Based on these, we may calculate that the total number of parameters in GTP-3 is about $175$ billions.

During training, a sequence of training vectors

\[\{ \mathbf{x}_1, \mathbf{x}_2, \cdots, \mathbf{x}_{2048} \}\]

is fed into GPT-3 as input $\mathbf{X} \in \mathbb{R}^{12288\times 2048}$. For each time step $t=1,2,\cdots,2047$, GPT-3 is trained to predict the token at position $t+1$ based on all vectors appearing up to position $t$, i.e., ${\mathbf{x}_1, \cdots, \mathbf{x}_t}$.

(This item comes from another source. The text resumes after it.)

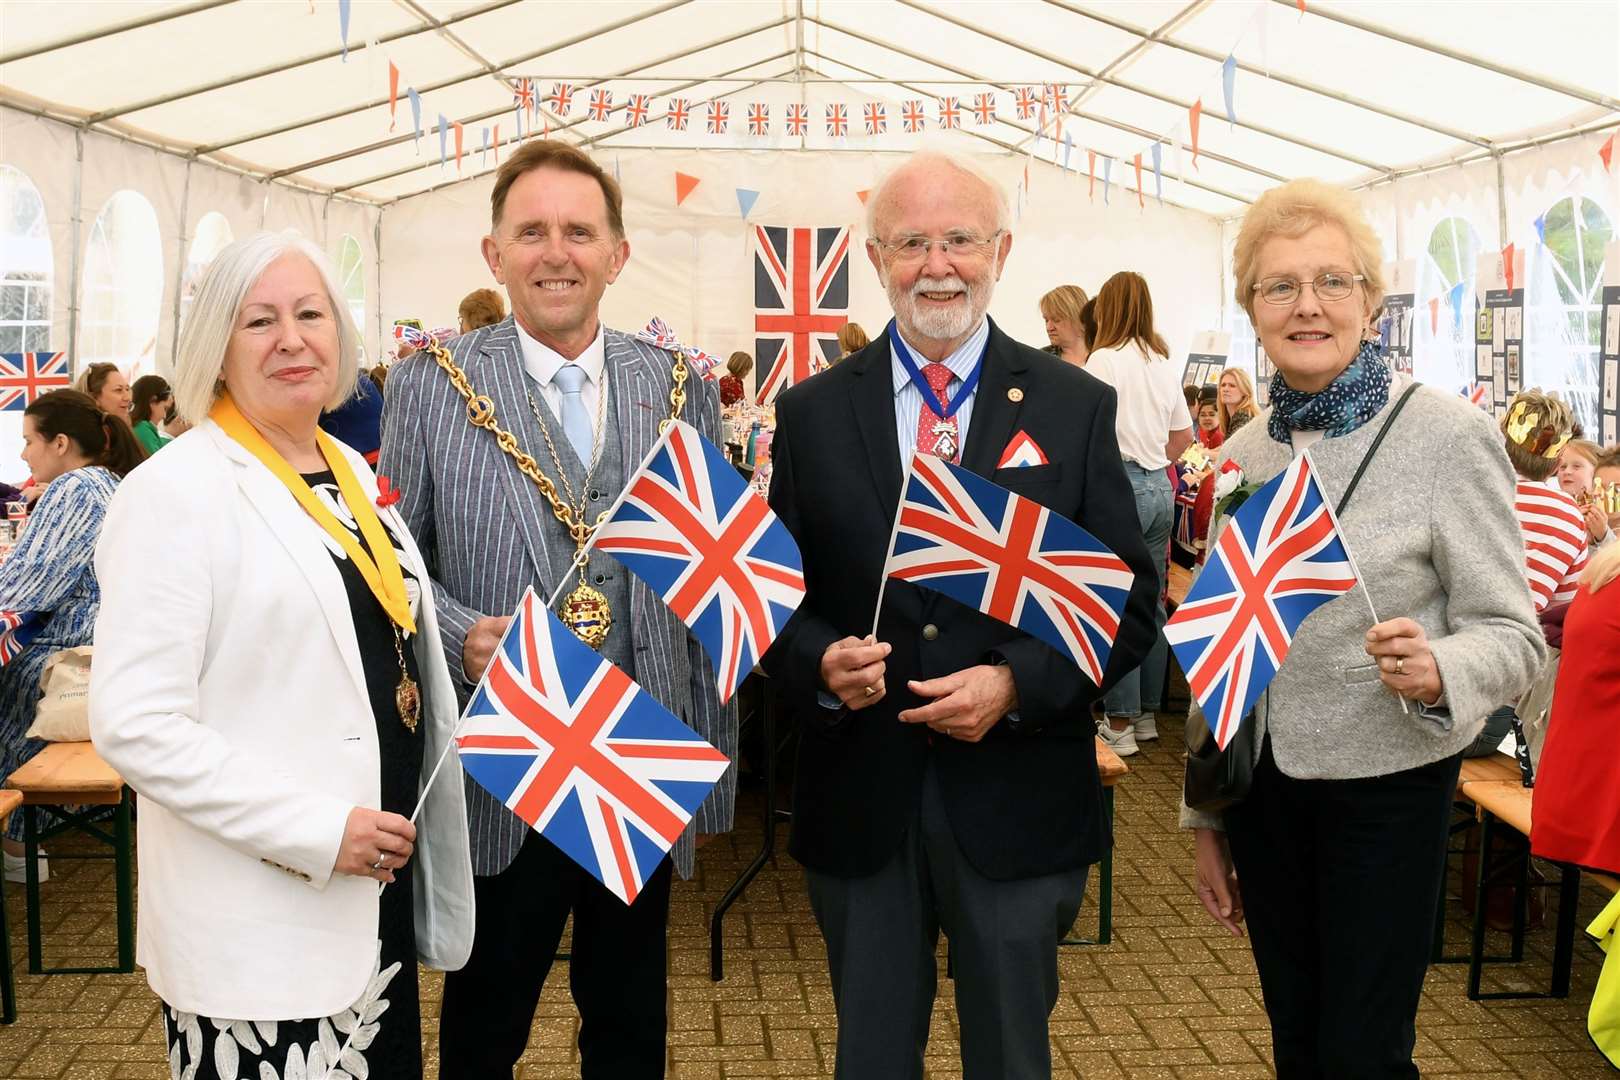 Maidstone mayor, Derek Mortimer, mayoress, Sally Mortimer and the Deputy Lieutenant of Kent, Bill Cockcroft joined the celebrations

After its training, GPT-3 has the ability to create new sequences by using an input sequence as a prompt. To do this, the model calculates the probabilities of the possible next tokens that could follow the given prompt, and then selects a new token by randomly sampling from these probabilities. The selected token is then added to the end of the prompt, forming a new prompt. This process continues until the model generates a termination token.

References

$[1]$ Ashish Vaswani, Noam Shazeer, et.al., Attention Is All You Need, arXiv, 1706,03762, 2017.

$[2]$ Kaiming He, Xiangyu Zhang, et.al., Deep Residual Learning for Image Recognition, arXiv, 1512,03385, 2015.

$[3]$ Hui Jiang, Machine Learning Fundamentals, Cambridge University Press, 2021.

$[4]$ Tom Brown and Benjamin Mann, et.al., Language Models are Few-Shot Learners, arXiv, 2005.14165, 2020.